We simply cannot continue to let these “incremental” changes in the LAW be passed—and we cannot “incrementally” undo them in the time left before public education has completely finishes indoctrinating and destroying our children, taking all truth away from their existence. Our legislators must start acting decisively and correctly, asking for and accepting the knowledge, experience, and contributions their constituents may offer to avoid falling into these kinds of traps.
Another interesting item is noted above Act 213. A federal court case adjudicated in SC in 2020, actually repealed a section of Title 59 to allow for teaching sex education any way the schools choose (or are directed). This clearly is also meant to open the door for gender ideology, Comprehensive Sex Education, pornography in our schools, and more. Obviously no one is paying attention, and no one is doing anything about these actions even when they are presented with this evidence. I know this is the case because Michelle and I have met with prominent state legislators who expressed great interest, concern, and often surprise, but who have done nothing. The threat we face by actions like this is clearly not being recognized or fought by conservatives. This case was brought by the Sexuality Alliance, which is a national organization with some activity, apparently, in South Carolina. Court action is not the right way to amend or interpret our laws, but if it is happening, someone should be sounding the alarm, which in this case should have been Molly Spearman.

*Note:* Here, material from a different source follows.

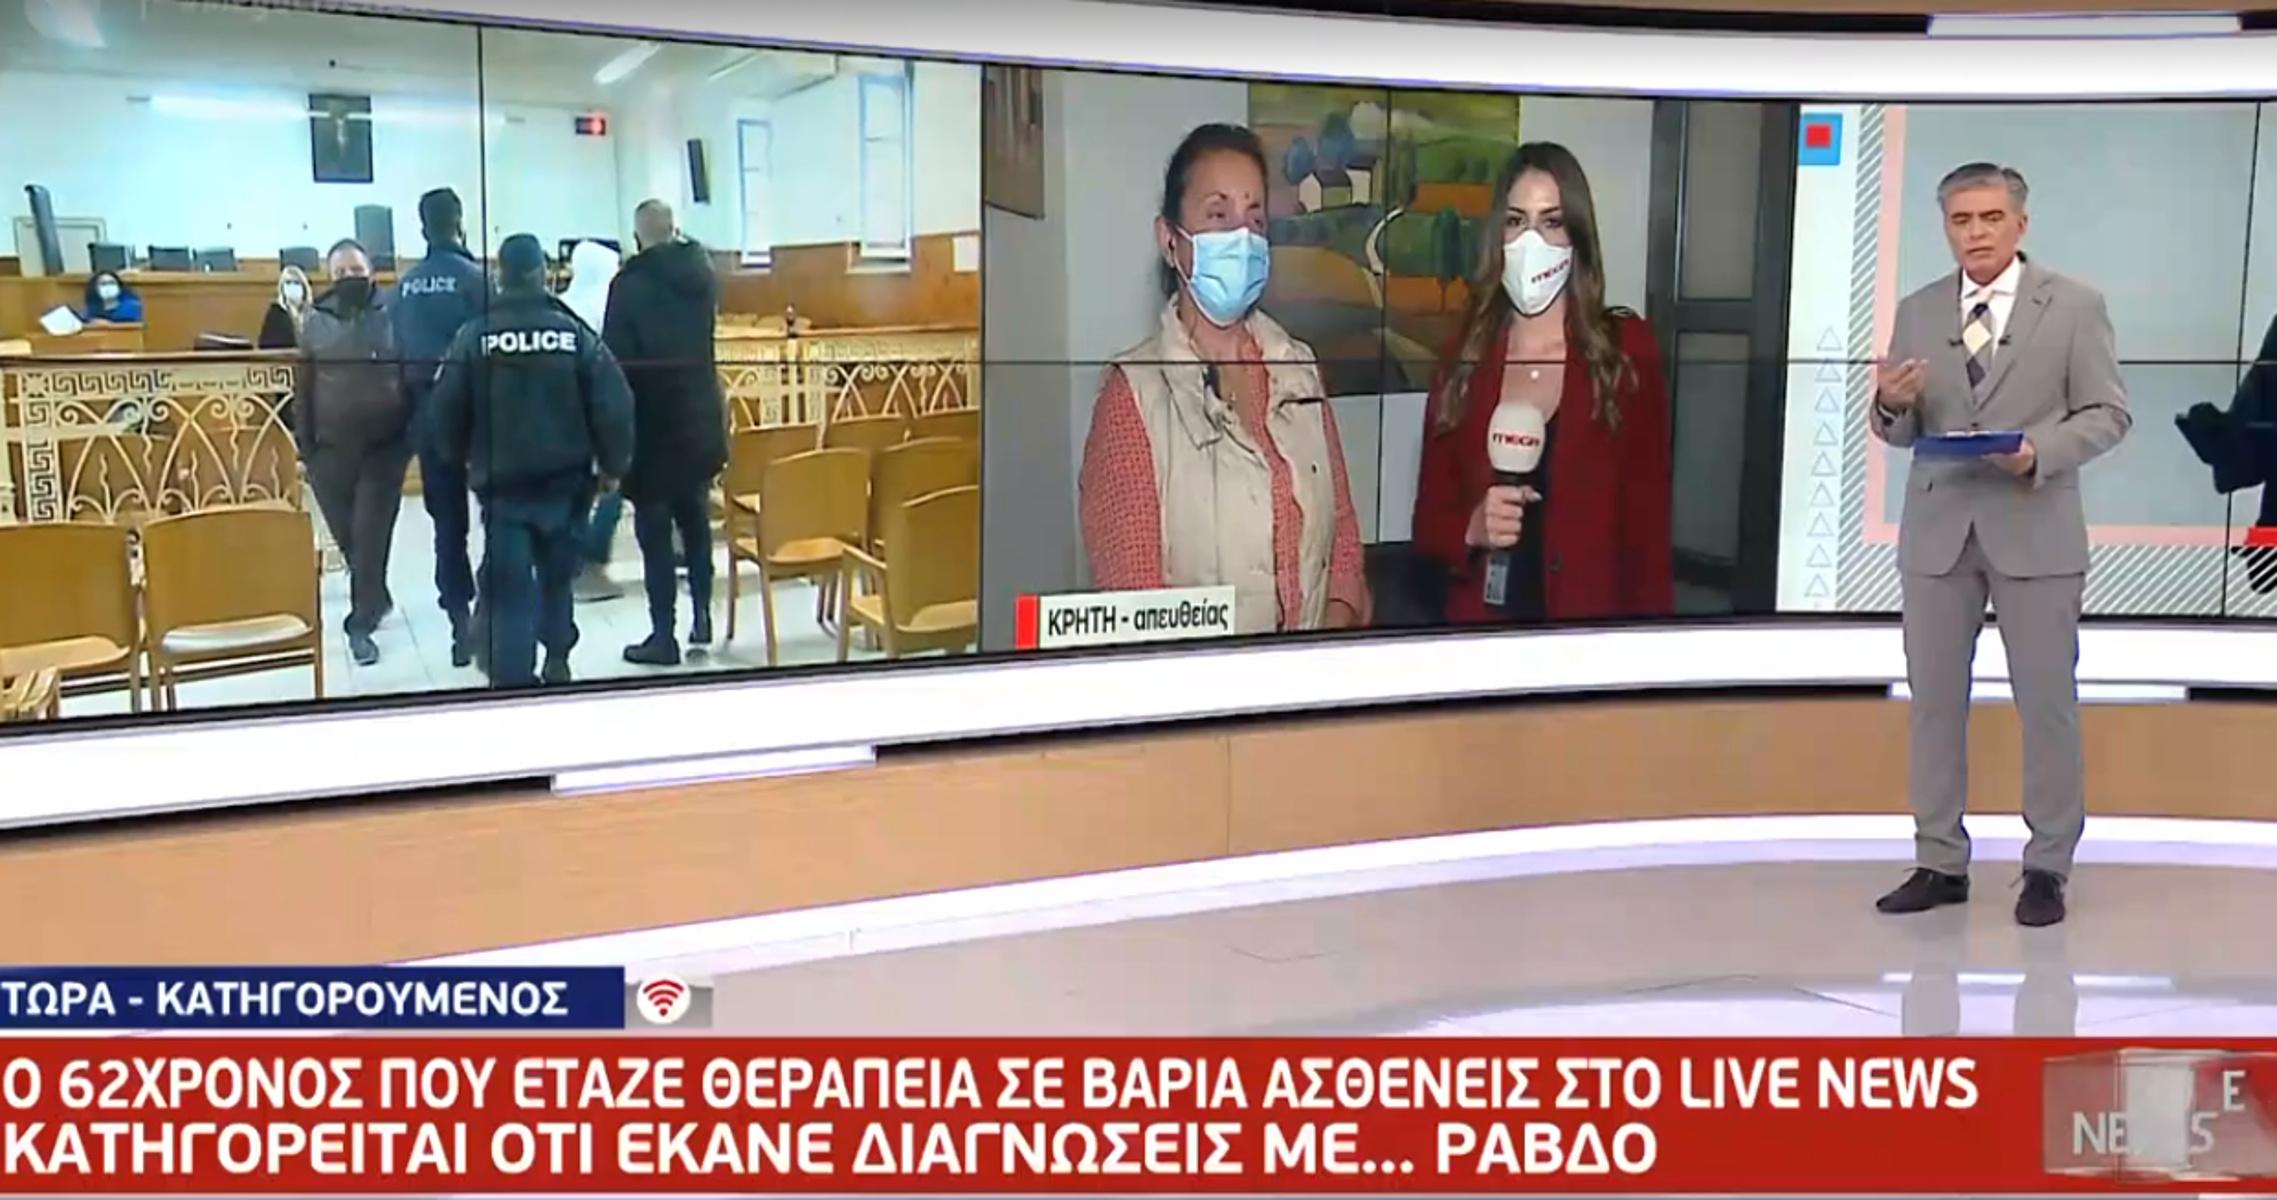 Σάλος με τον ψευτογιατρό που εξέταζε με ράβδο – Τον επισκέφθηκαν 210 ασθενείς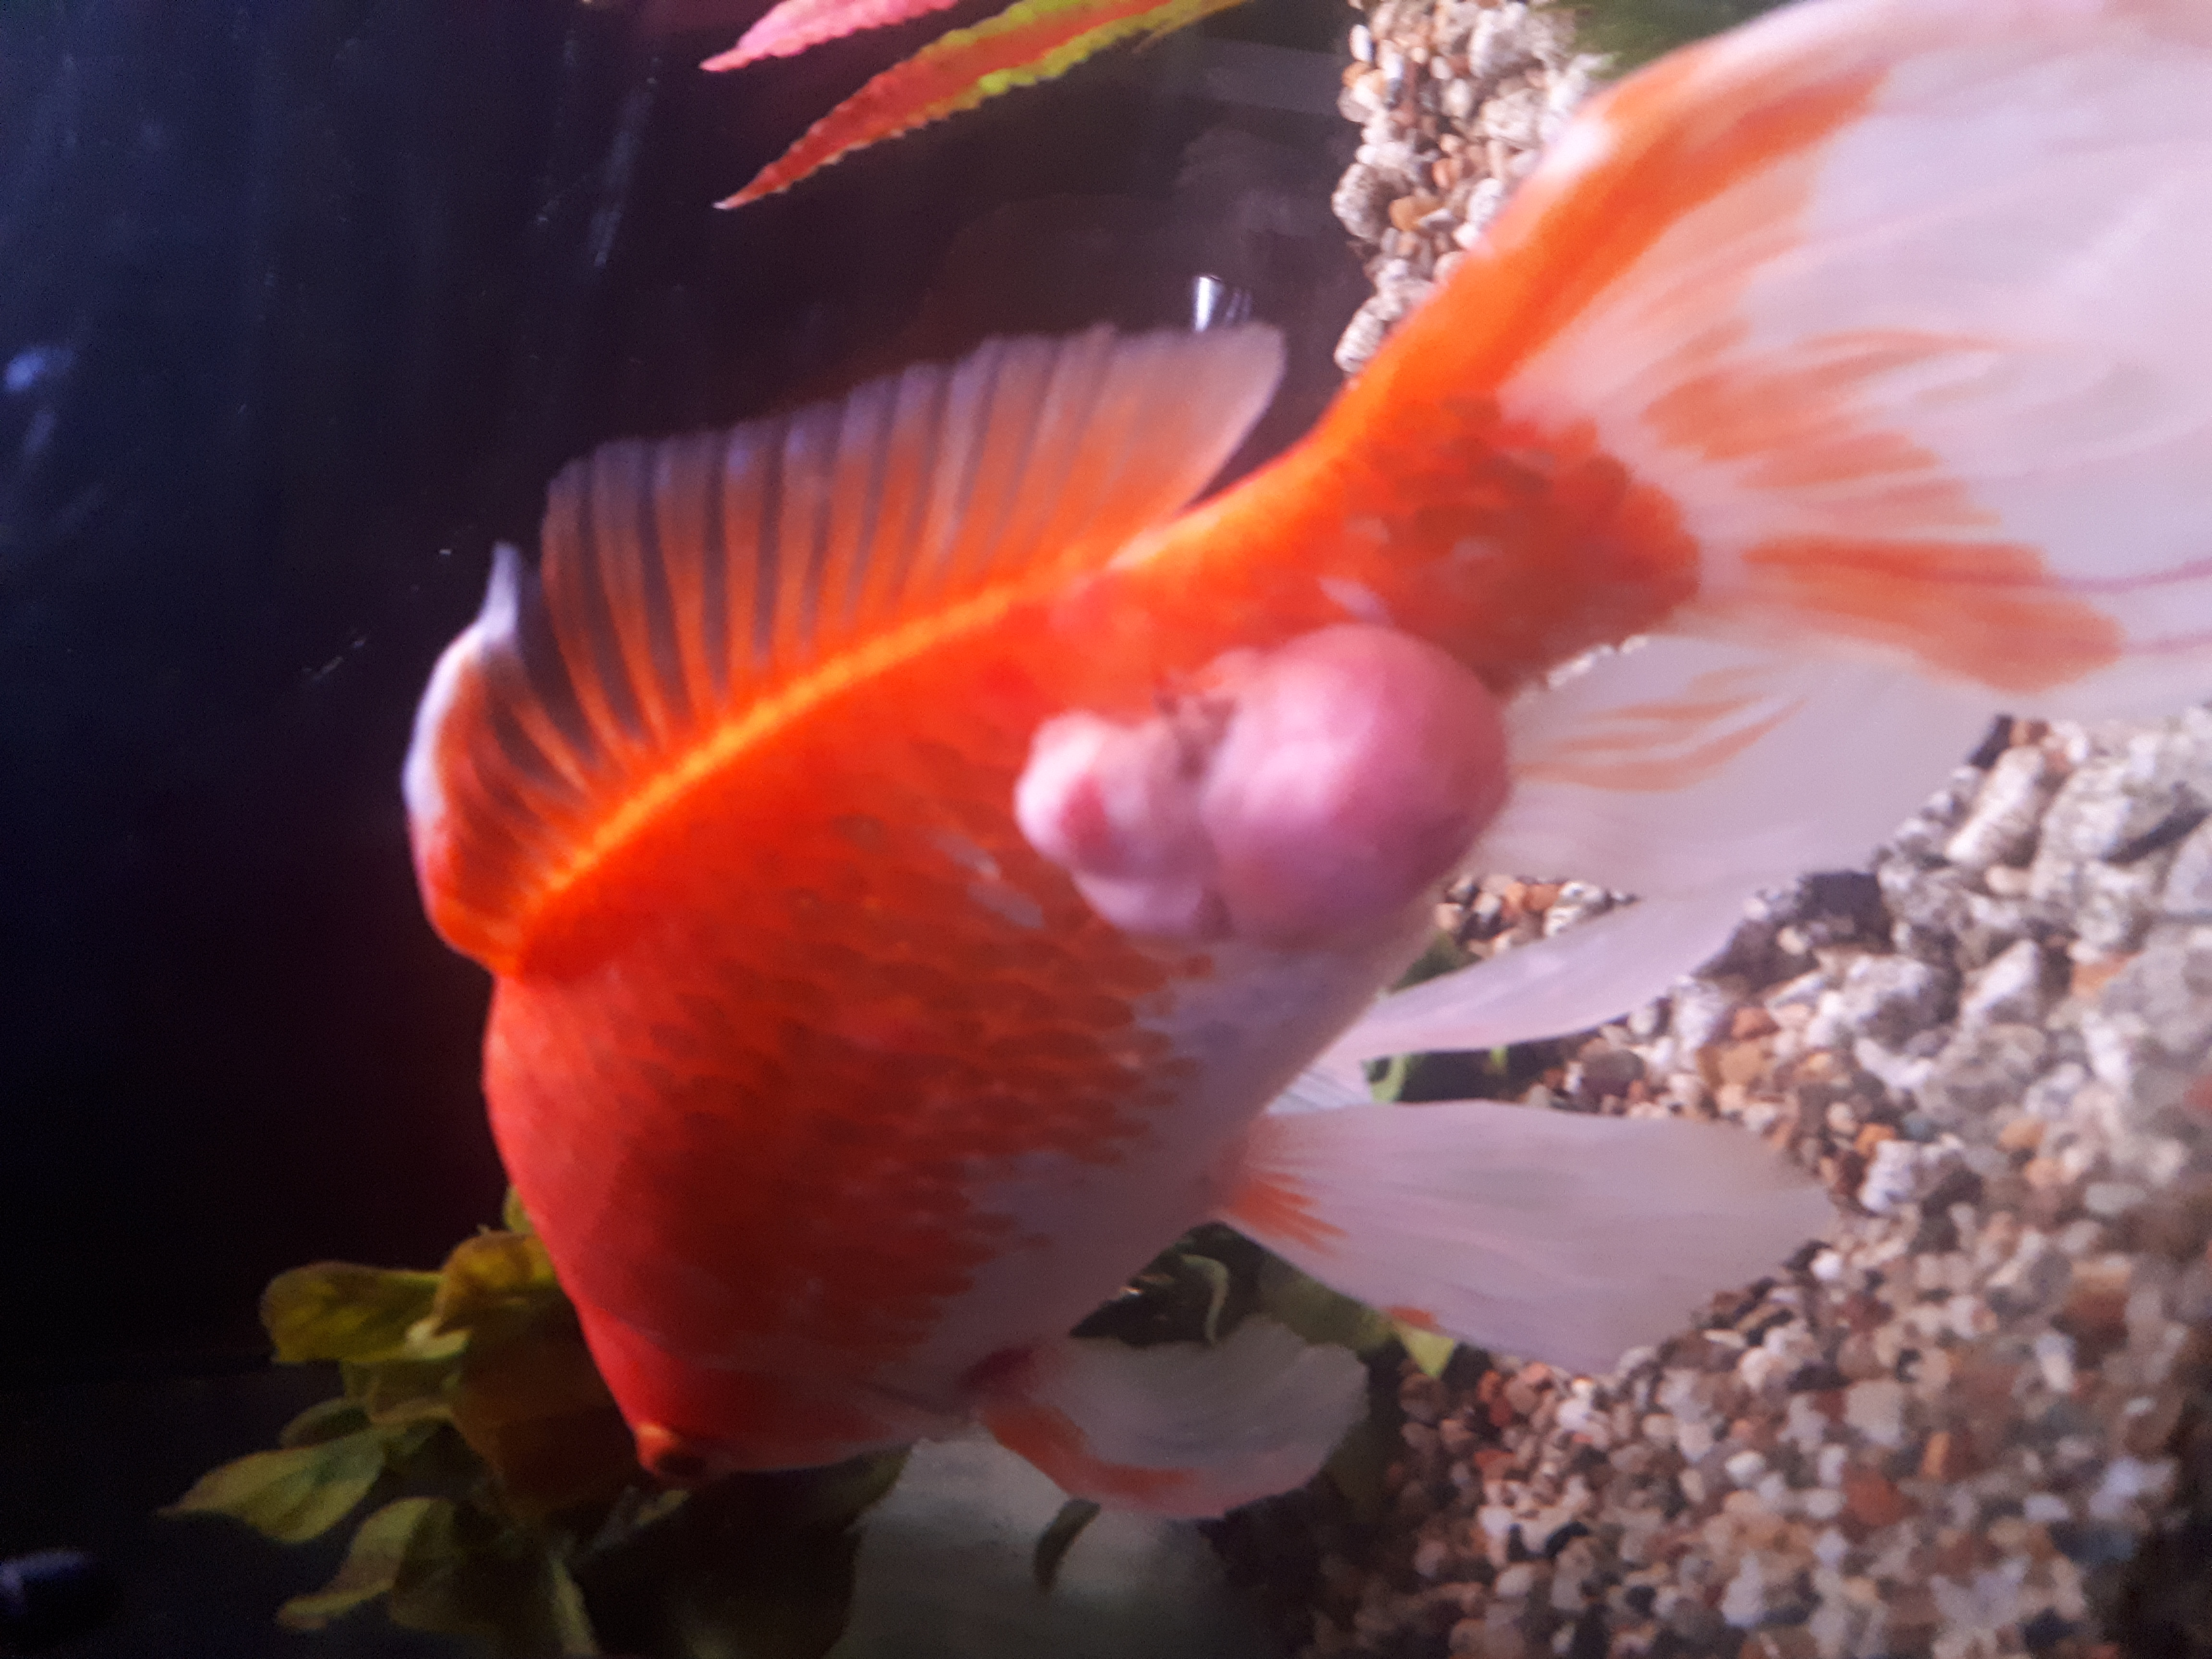 Tumore escrescenza pesce rosso pesci forum animali for Pesce rosso razza

Anything referring to “handicapped children” seems to be given free rein in our society which is so stuck on erasing even blatant individual differences—and especially real limitations—in order to promote with “compassion” their agenda of equity. I could go a long way down this path to the bottom, but it would only be a distraction tonight.
The LCTT report by Richard and Garris Davis and myself clarifies this more fully and is included in the material you received. It was mailed to and/or shared in person with dozens of legislators. When legislators are confronted with Act 213’s existence and need for repeal, polite interest has been expressed, but that is short-lived, with endless excuses for how this happened and why it can’t be addressed at this time.
We simply cannot continue to let these “incremental” changes in the LAW be passed—and we cannot “incrementally” undo them in the time left before the public education system has completely finished indoctrinating and destroying our children, taking all truth away from their existence.
Our call to action is for both legislators and every concerned South Carolinian citizen: we must scrutinize proposed legislation more closely. Understand that once a bill is introduced, it will eventually become law that the Left exploits to advance their agendas. The Left isn’t the only faction that hijacks bills—the right, particularly those with left-leaning tendencies, have significantly contributed to the proliferation of laws that have led us to our current situation. We must also promote the repealing of laws, but with vigilance. Even legislation intended to repeal laws can unintentionally pave the way for dangerous proposals.